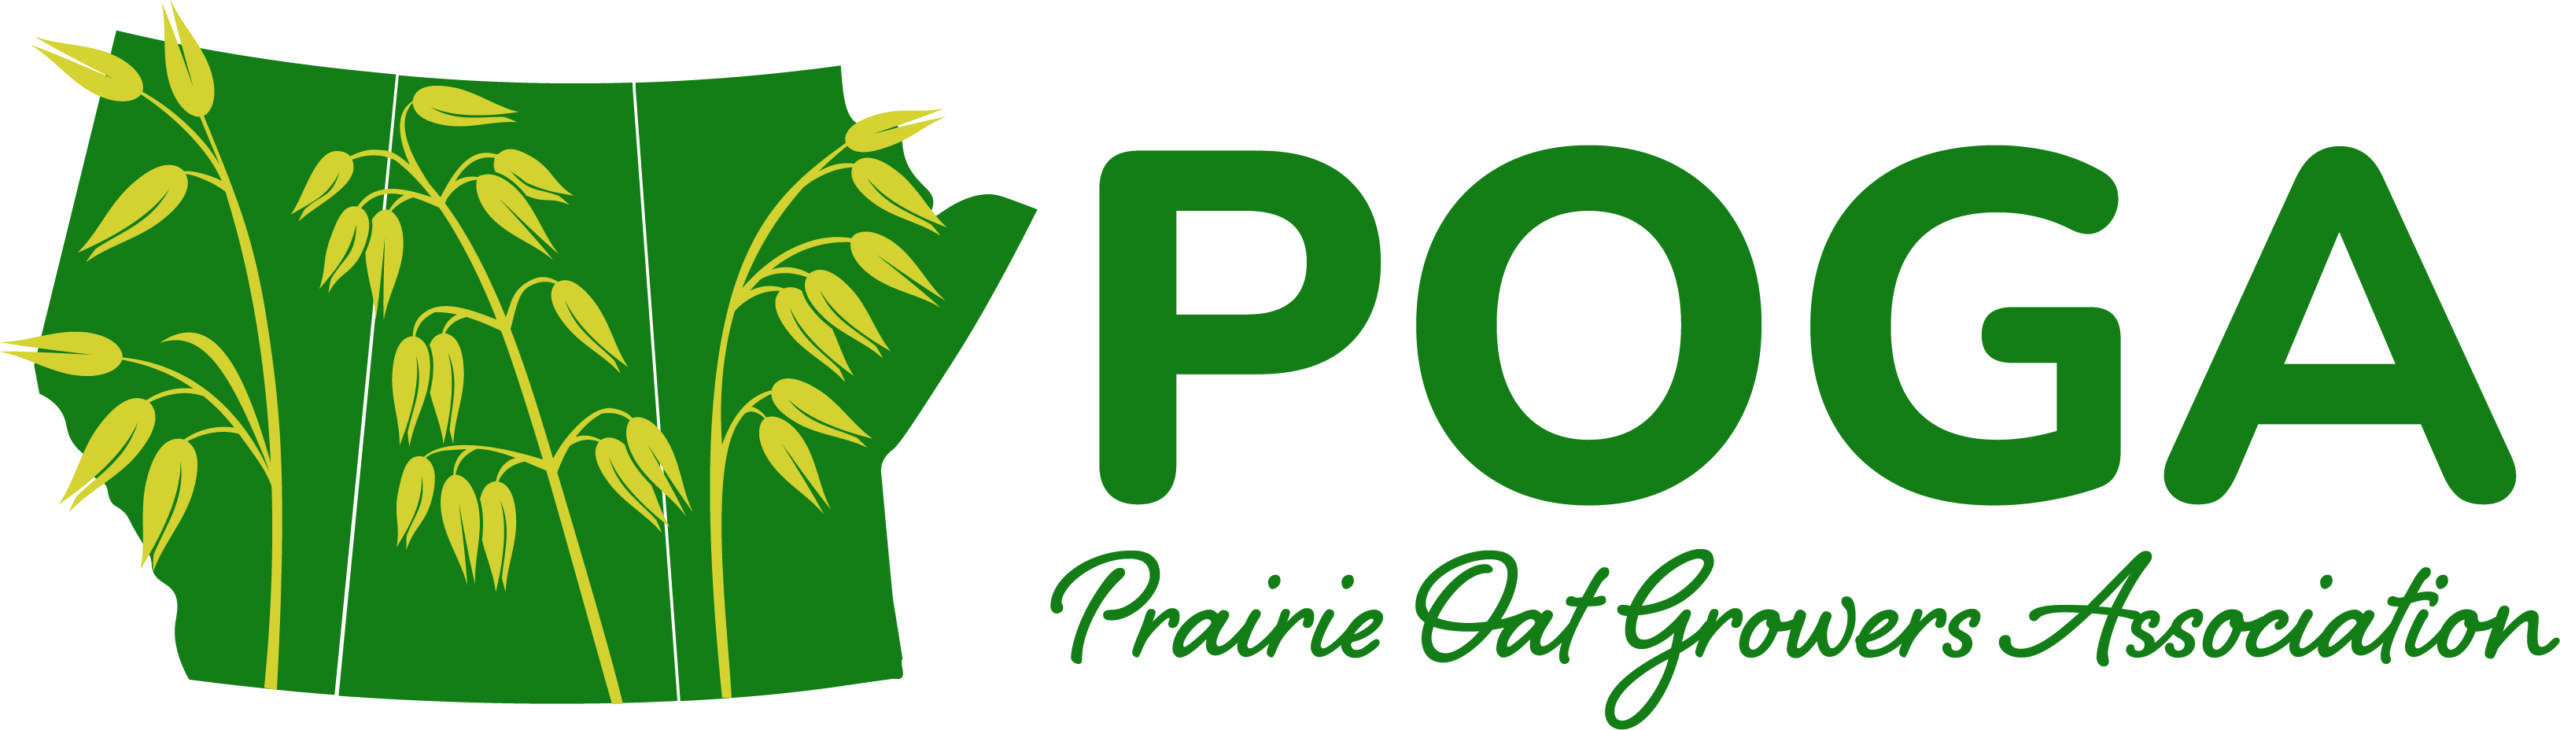 Prairie Oat Growers Association
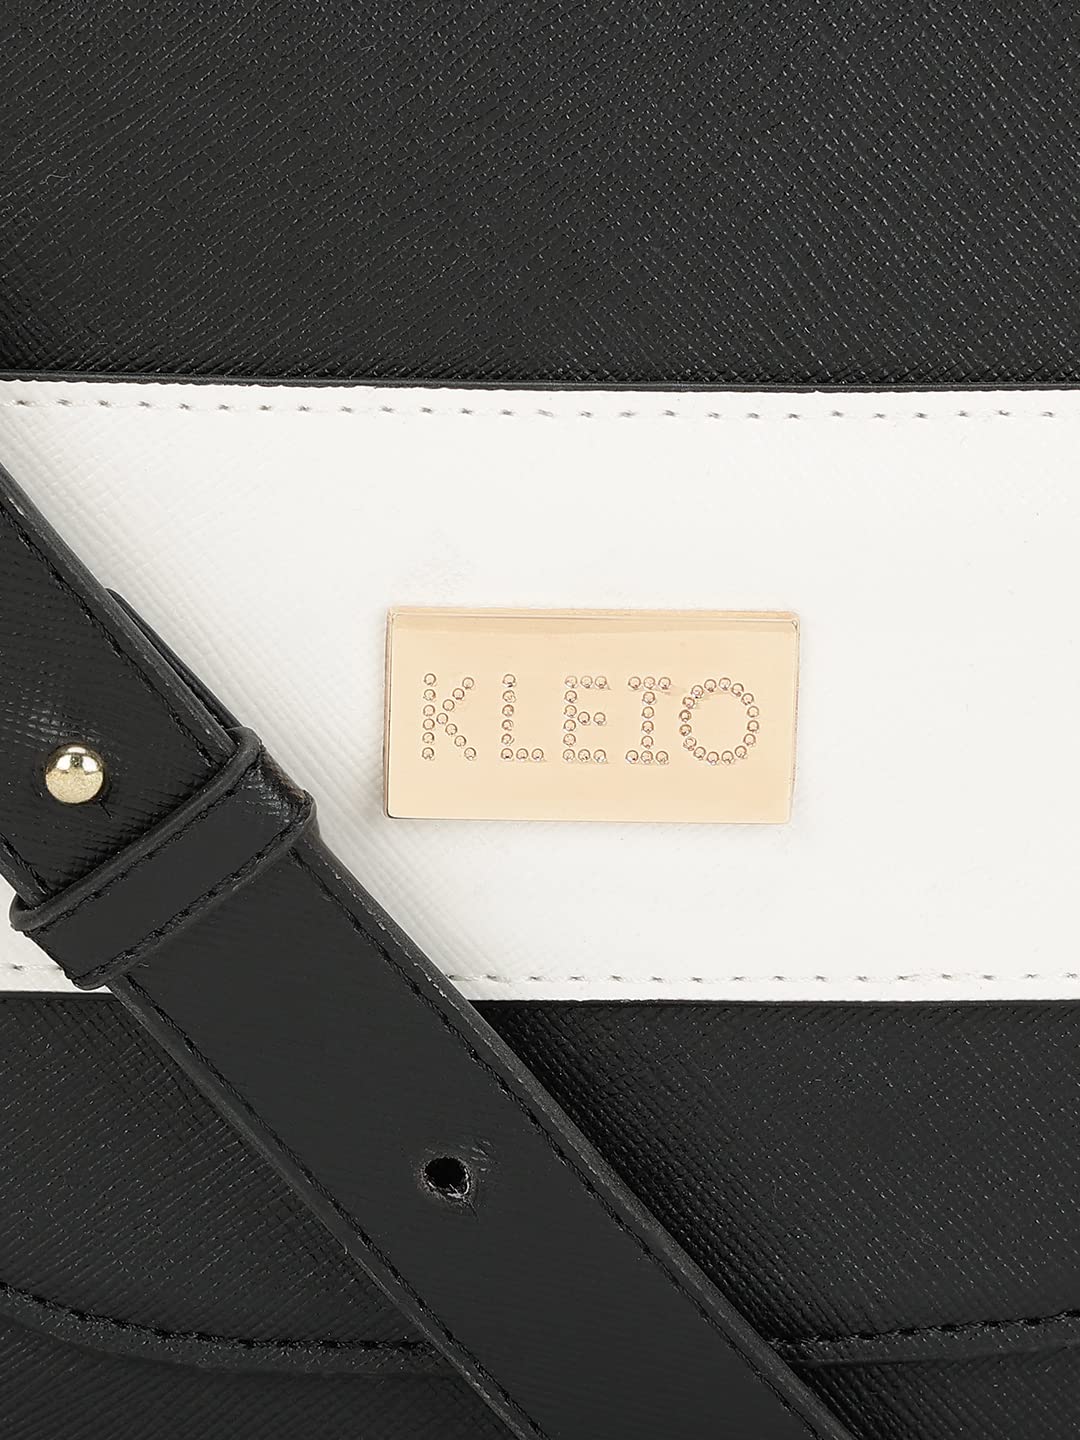 KLEIO Faux Leather Double Detachable Straps Structured Cross Body Side Sling Hand Bag for Women Girls(HO8077KL-BL)(BLACK)
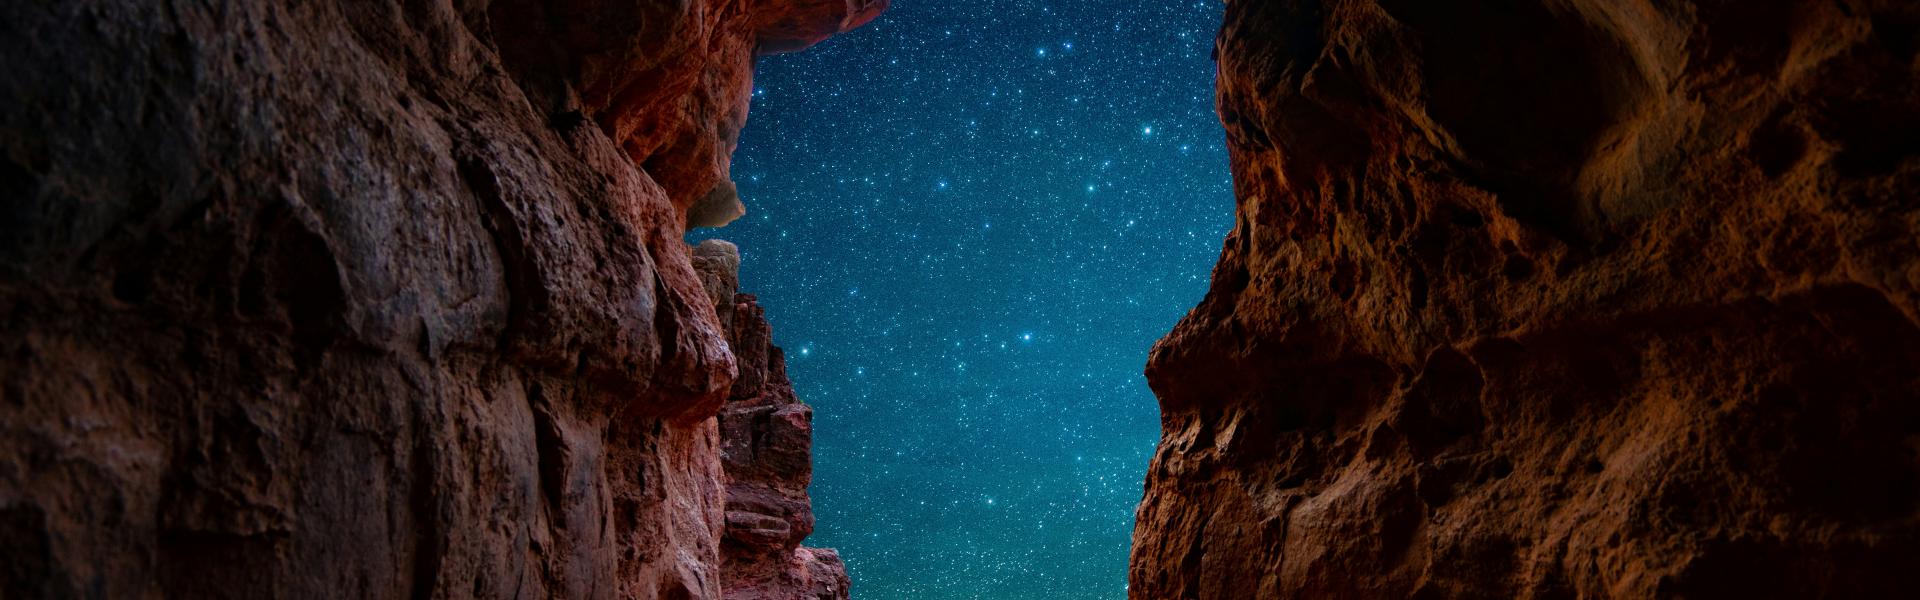 stargazing cave in arizona
+++
**WHAT YOU HAVE TO DO**:
Print every line above exactly as given, but not the pictures.

**EXERCISE RESPONSE**:
 Prairie Oat Growers Association
 KLEIO Faux Leather Double Detachable Straps Structured Cross Body Side Sling Hand Bag for Women Girls(HO8077KL-BL)(BLACK)
 stargazing cave in arizona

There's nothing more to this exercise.